He and I had talked about my limitations and what to expect to happen, which is to plan for the worst and hope for the best. All week he was telling me how excited he was to see me after all of this time. Then he started talking about how it has been a long time (in the neighborhood of 15 months) since he had dated, or been close to someone physically. Because we are so different on the religious front, I warned him that we wouldn’t be a good match because church is such a big portion of his life and I am 1,000% a non-believer.

I texted him Saturday afternoon to find out what time he was picking me up so I could plan accordingly. He told me that he would be by at 6 pm. Then he started texting that he was nervous about his teeth – he knows that I like it when men take care of their choppers. (I didn’t tell him that it’s because I had had boyfriends who had let their teeth rot and it was horrible kissing them.) I told him I knew it was expensive to get them fixed and that I was aware that he was making an effort, I just didn’t want him to have to get dentures in a few years at such a young age. I also told him that I had my own insecurities, but we should both try to work through them and enjoy our time out and catching up.

At 6 pm, he didn’t show – but he sent a text saying it had been a hell of a day and his roommates were fighting. At 7:30 he was still a no-show, so I texted him to ask if he was still on his way over or if we needed to figure out a different day.

Crickets. Nothing. Absolutely nothing, not even this morning.

There weren’t any stabbings or shootings in his area. I know this because I checked. With this in mind, there is no great mystery surrounding why he is still single. He has my cell phone number, my email and for Pete’s sake, my street address. I’m really struggling to find a place in my heart that will allow him the benefit of the doubt if he does come back to me, sniveling about something or other happening that prevented him from telling me what the deal was. It’s the kind of behavior that I would expect from a stranger but not at all what I want in a friend.

And if I sometimes sound bitter or disillusioned through the course of all of these blog posts, it’s because I am. Nearly every man in my life has let me down, with rare some exceptions. But rather than allowing this particular night of waiting needlessly to get my blood pressure up, I’m calm, as if he has never existed in the first place. As the daughter of an alcoholic, disassociation comes easily to me. But men should know that every time they do something like this, they break women’s hearts, even if it’s just a tiny bit; it all adds up.

While writing these few paragraphs, one of my favorite Anberlin songs came up on my streaming music. I’m sad they broke up in 2014 because I’ll never have the chance to see them live, but thank goodness for the permanency of YouTube.

The Ex from Tex(as)

You know that saying about how you shouldn’t take a dip in the company pool when it comes to dating? (Or maybe the more succinct way of putting that is not to shit where you eat.) Well, I’ve broken that rule many, many times. How are we as adults supposed to meet anyone? And my field was traditionally dominated by men, so it was like shooting fish in a barrel.

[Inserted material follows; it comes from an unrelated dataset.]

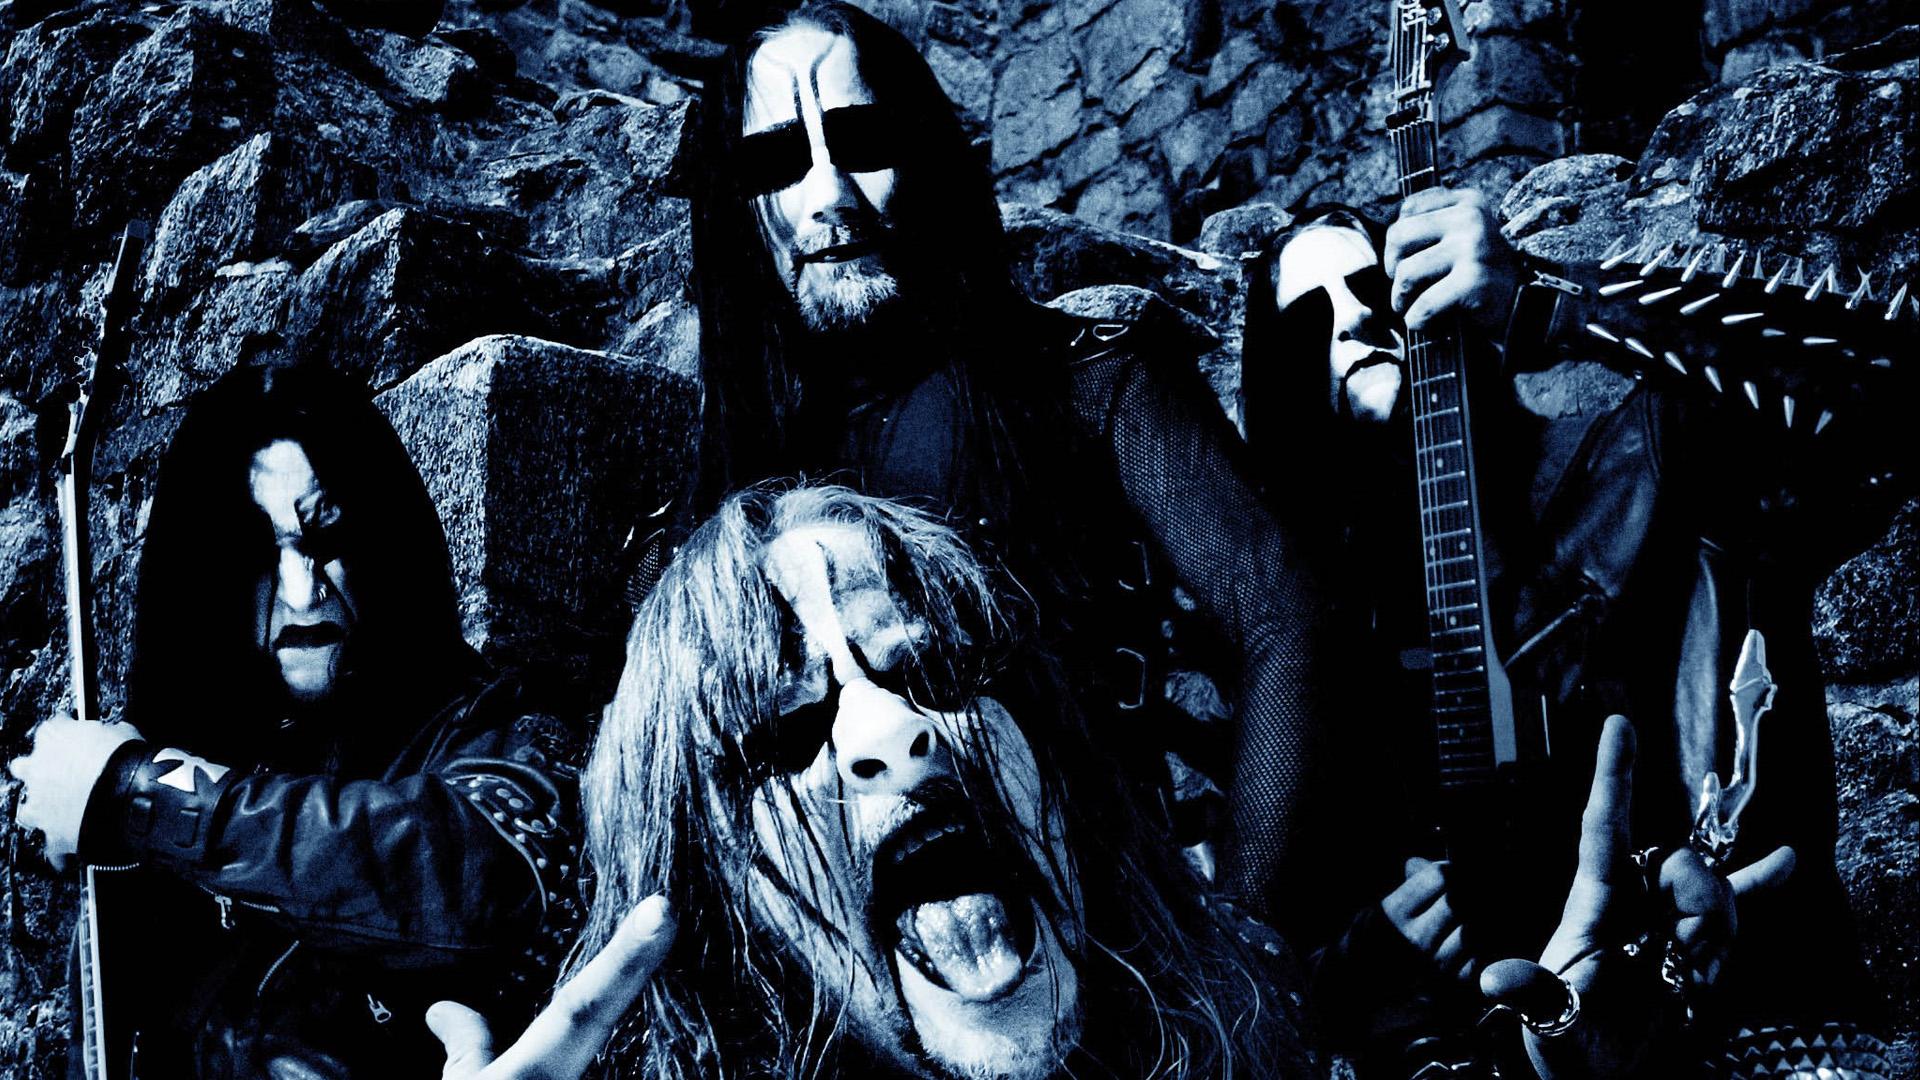 Wallpaper 1920x1080 Px Band Bands Black Dark Funeral

I was in the same extremely small department at a large bank (280,000 employees worldwide) for nine of my eleven years with the same employer, and I saw a lot of changes in personnel and practices. My seat was in Arizona; my boss was in California, her boss was in Texas, and we had team members in Mumbai, India. It was decided that our group would add two more people in Texas to take calls from managers and give it the very important name of Escalation Desk so as to give the impression that fires would be lit under the people handling time-sensitive problems. We added these two people at a time that I was doing the work of 2-3 people and another co-worker, also in Arizona, was being pulled to perform special projects.

One of the two people was Mr. Texas. He and another woman were located in our Texas office, and for almost a year, they sat idle because managers weren’t calling in for expedited assistance. After my Arizona teammate and I consistently asked for overtime to complete our work, the boss decided it was time to train the Texas people in our jobs. That was how I met Mr. Texas.

He was infuriating because he was not the type of person to offer help – he preferred to just sit at his desk and do nothing. When we would have our weekly phone-in meetings, he would not participate, and if he was forced to answer questions, Mr. Texas always sounded like we were disturbing his nap.

My work group was pretty relaxed, and it was not rare for us to spill some personal info on our conference calls. We also traded pictures of volunteering and life events. When I finally saw a picture of Mr. Texas, he didn’t look anything like what I thought he would (though I don’t know what I expected at that point). He is about 6’4″, very muscular, and very tan. After he heard some of the team members tease me about my dating woes, Mr. Texas started privately conversing with me on the company instant messenger. We had quite a few “Me too!” revelations about our dating experiences. Eventually we traded phone numbers and started talking and texting during our off hours.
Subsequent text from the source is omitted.